What you are asked to do »
Would you return the data below exactly as it stands, with every picture left out?

Exercise data »
********************

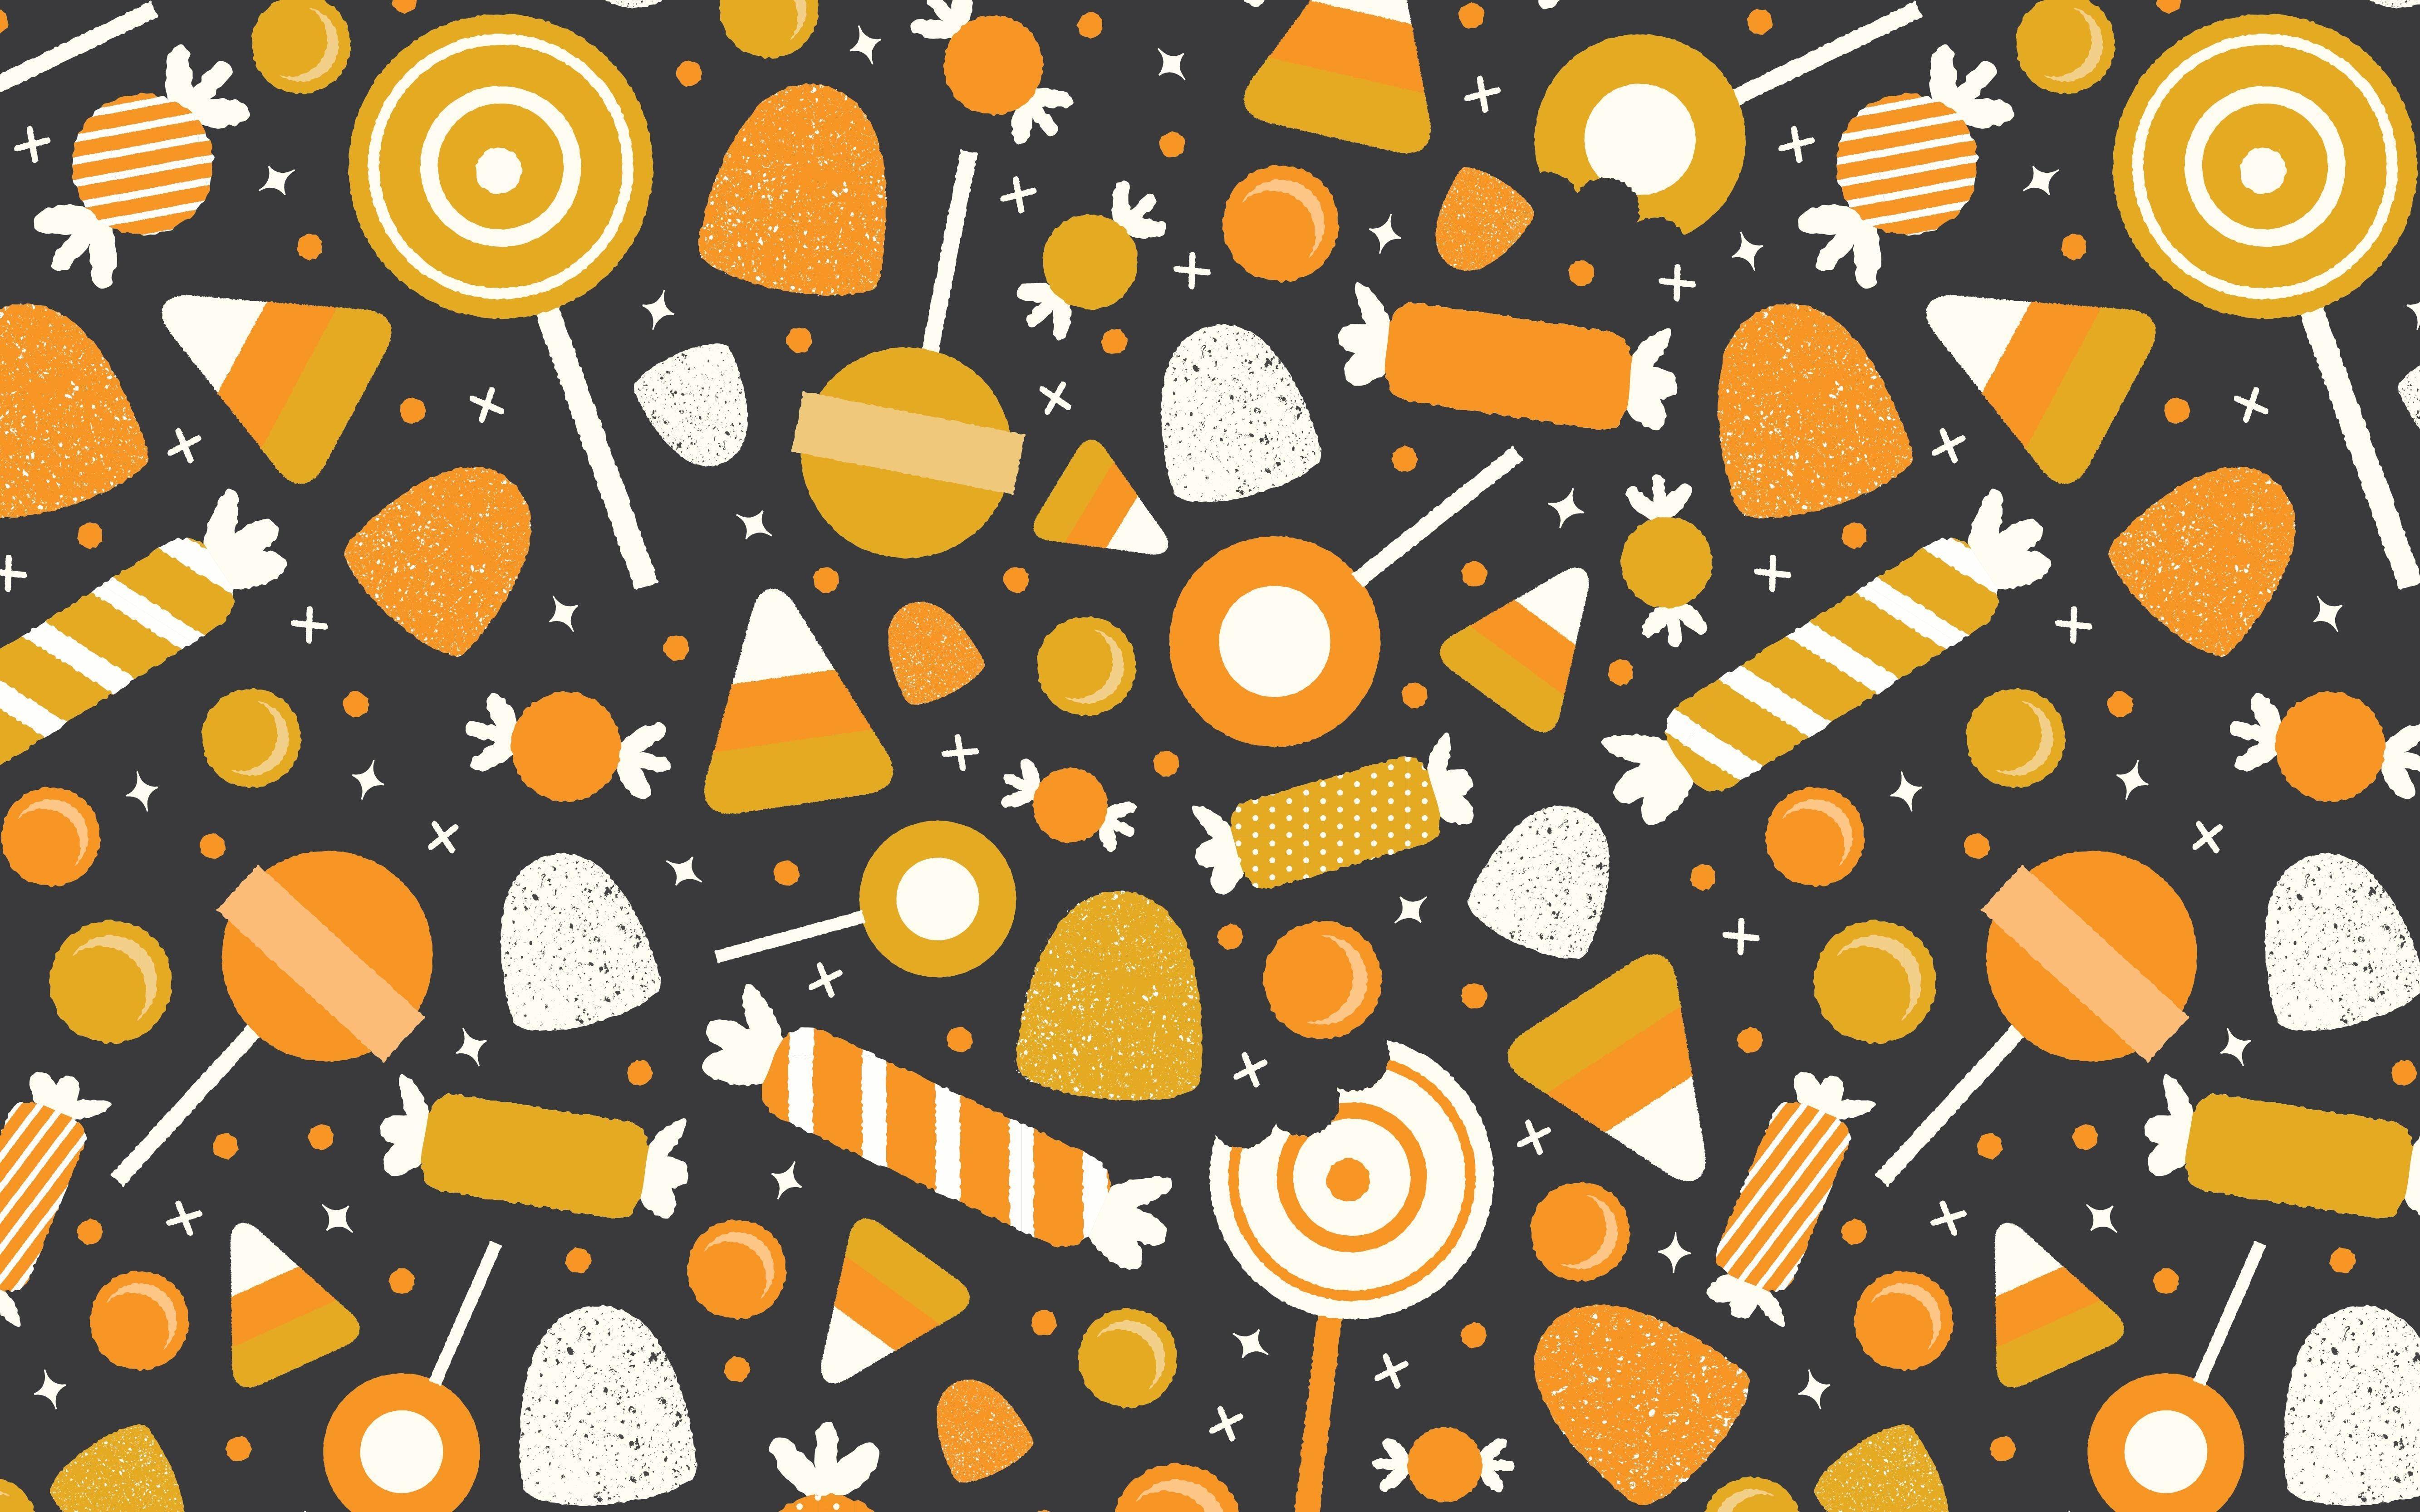 Cute Halloween Desktop Wallpapers - Top Free Cute ...
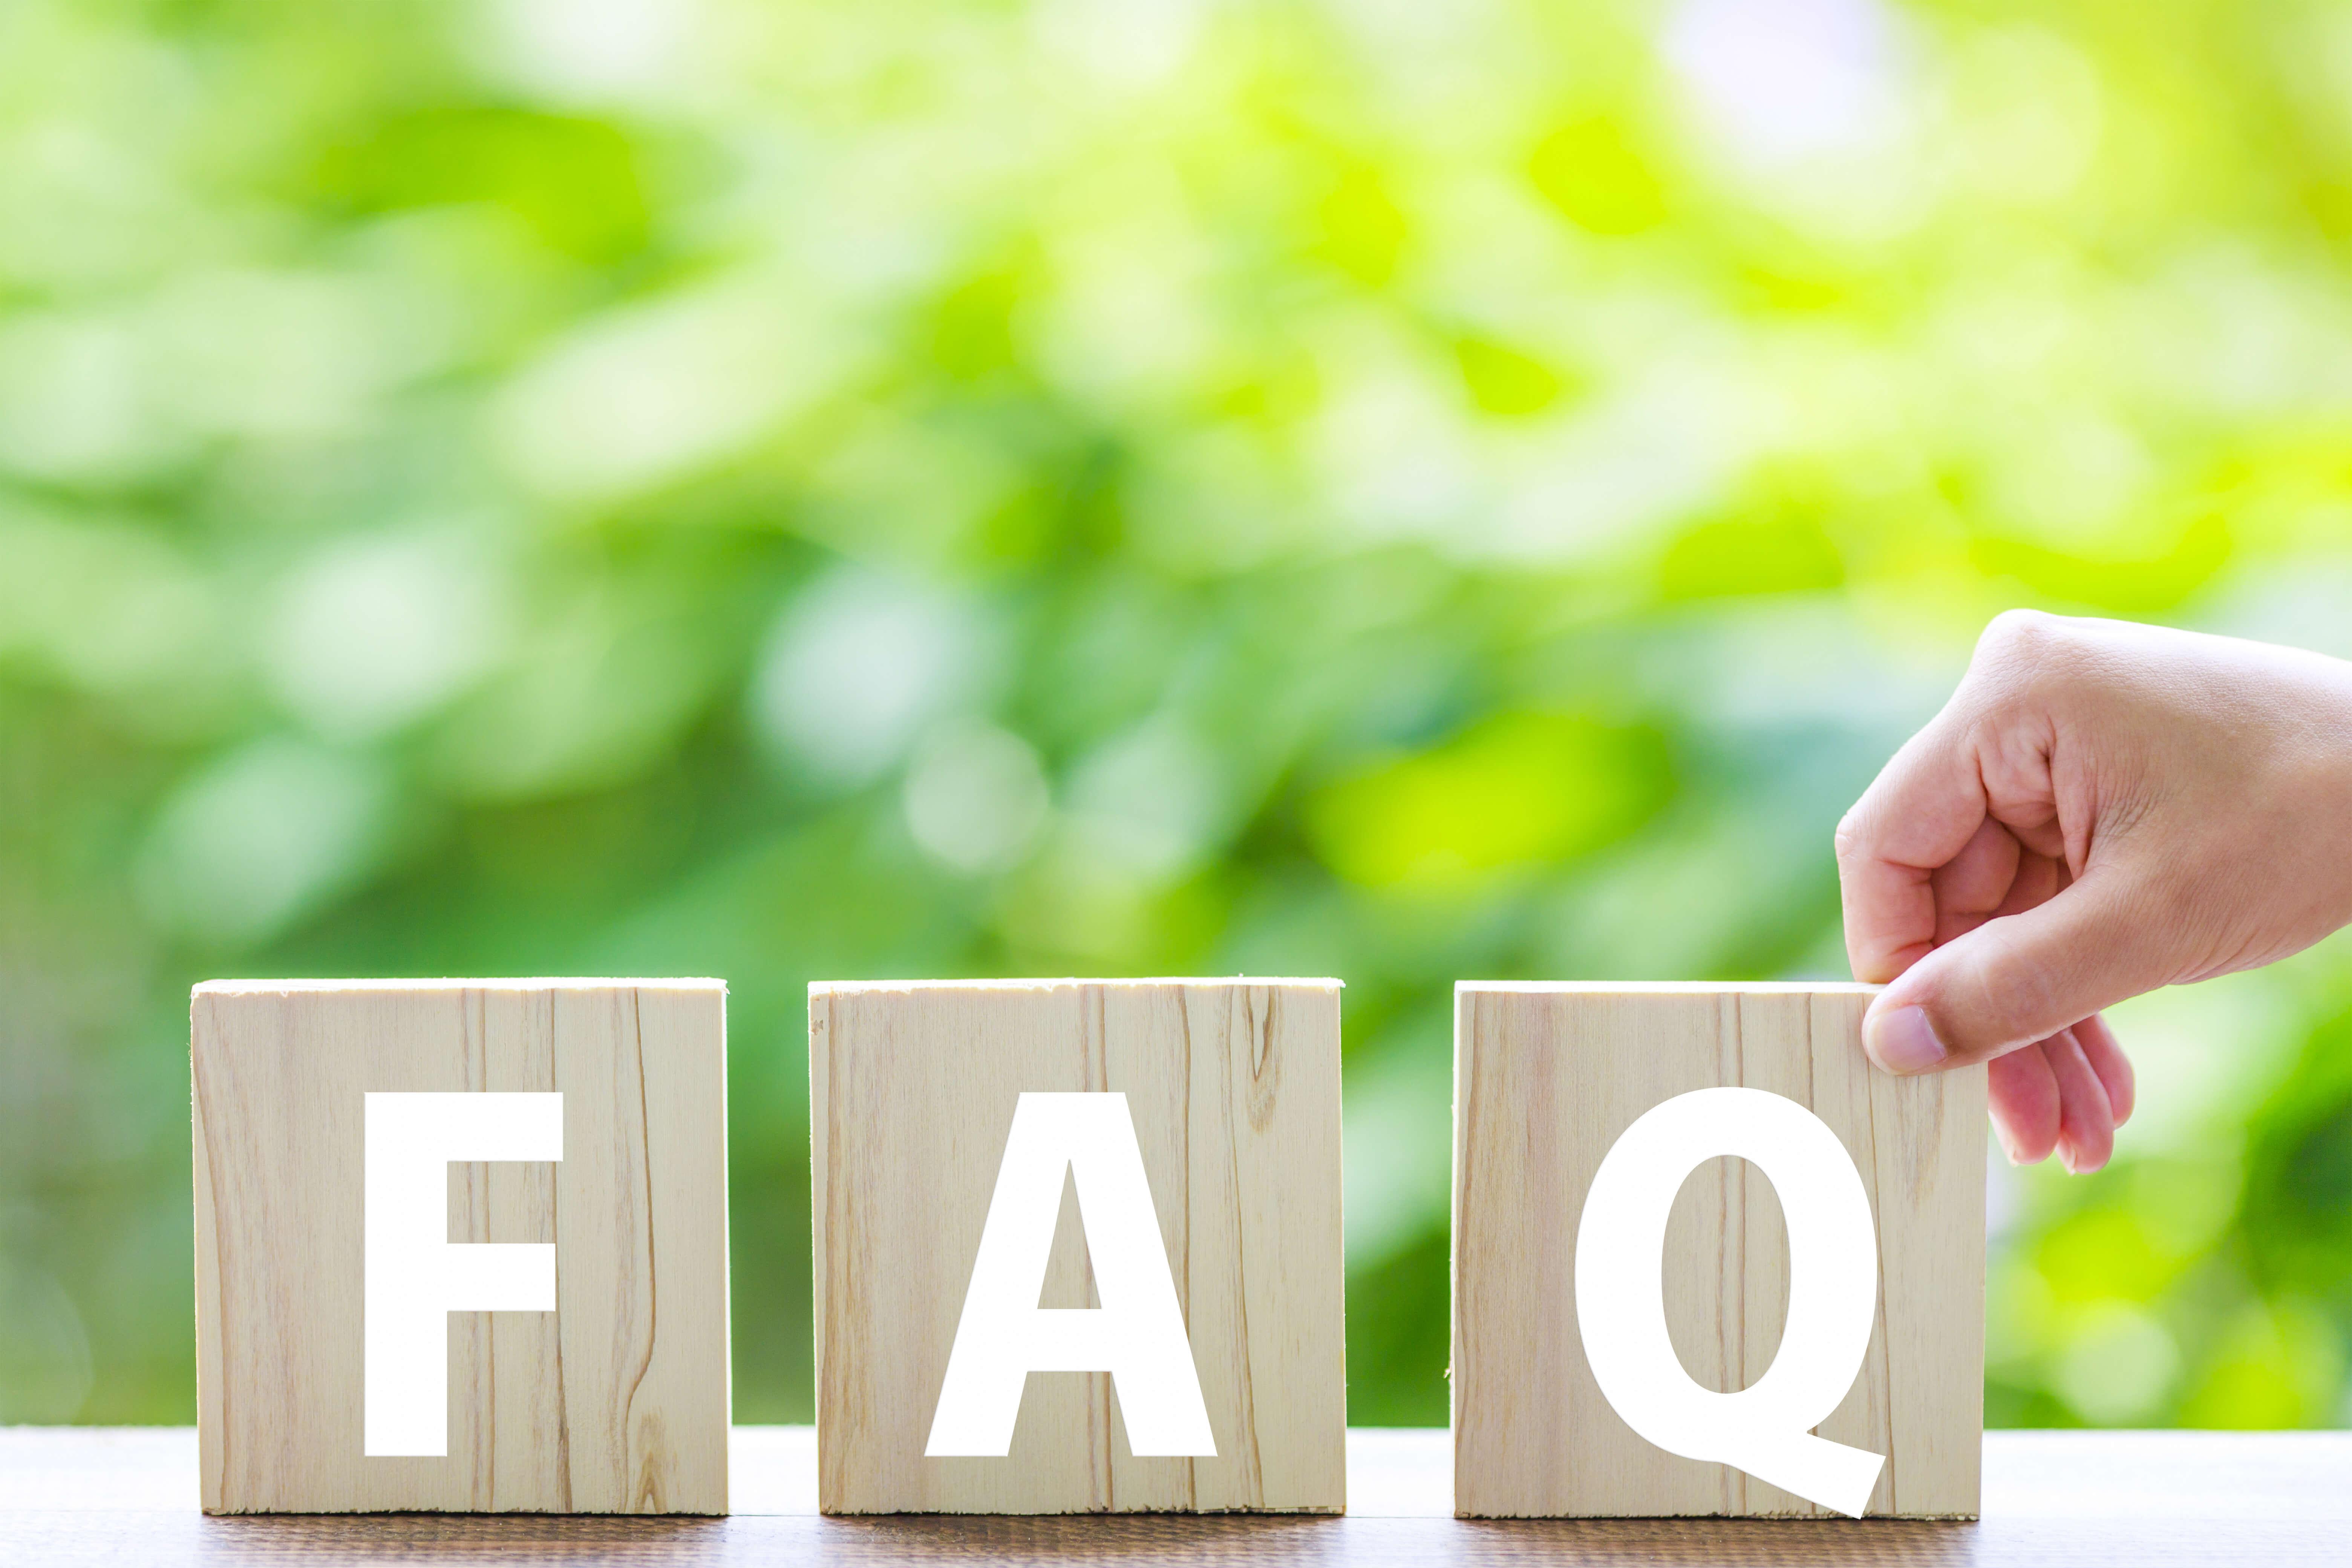 ネスカフェバリスタ質問
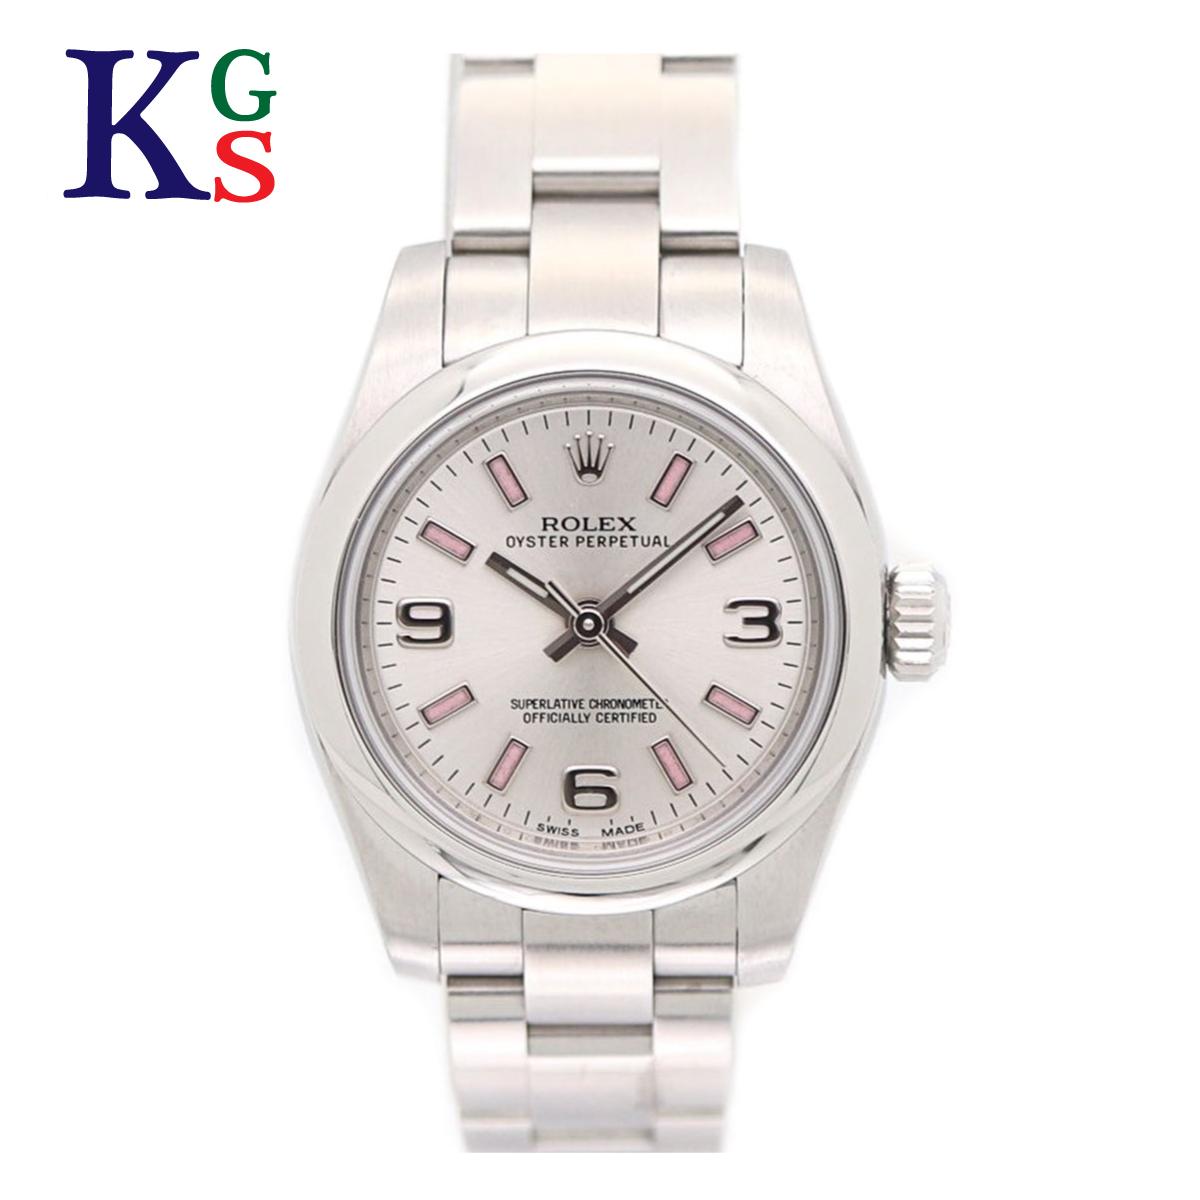 【ギフト品質】ロレックス/ROLEX レディース 腕時計 オイスターパーペチュアル シルバー文字盤 ピンクバー ルーレット刻印 176200 自動巻き

********************

Reply to the exercise »
 Cute Halloween Desktop Wallpapers - Top Free Cute ...
 ネスカフェバリスタ質問
 【ギフト品質】ロレックス/ROLEX レディース 腕時計 オイスターパーペチュアル シルバー文字盤 ピンクバー ルーレット刻印 176200 自動巻き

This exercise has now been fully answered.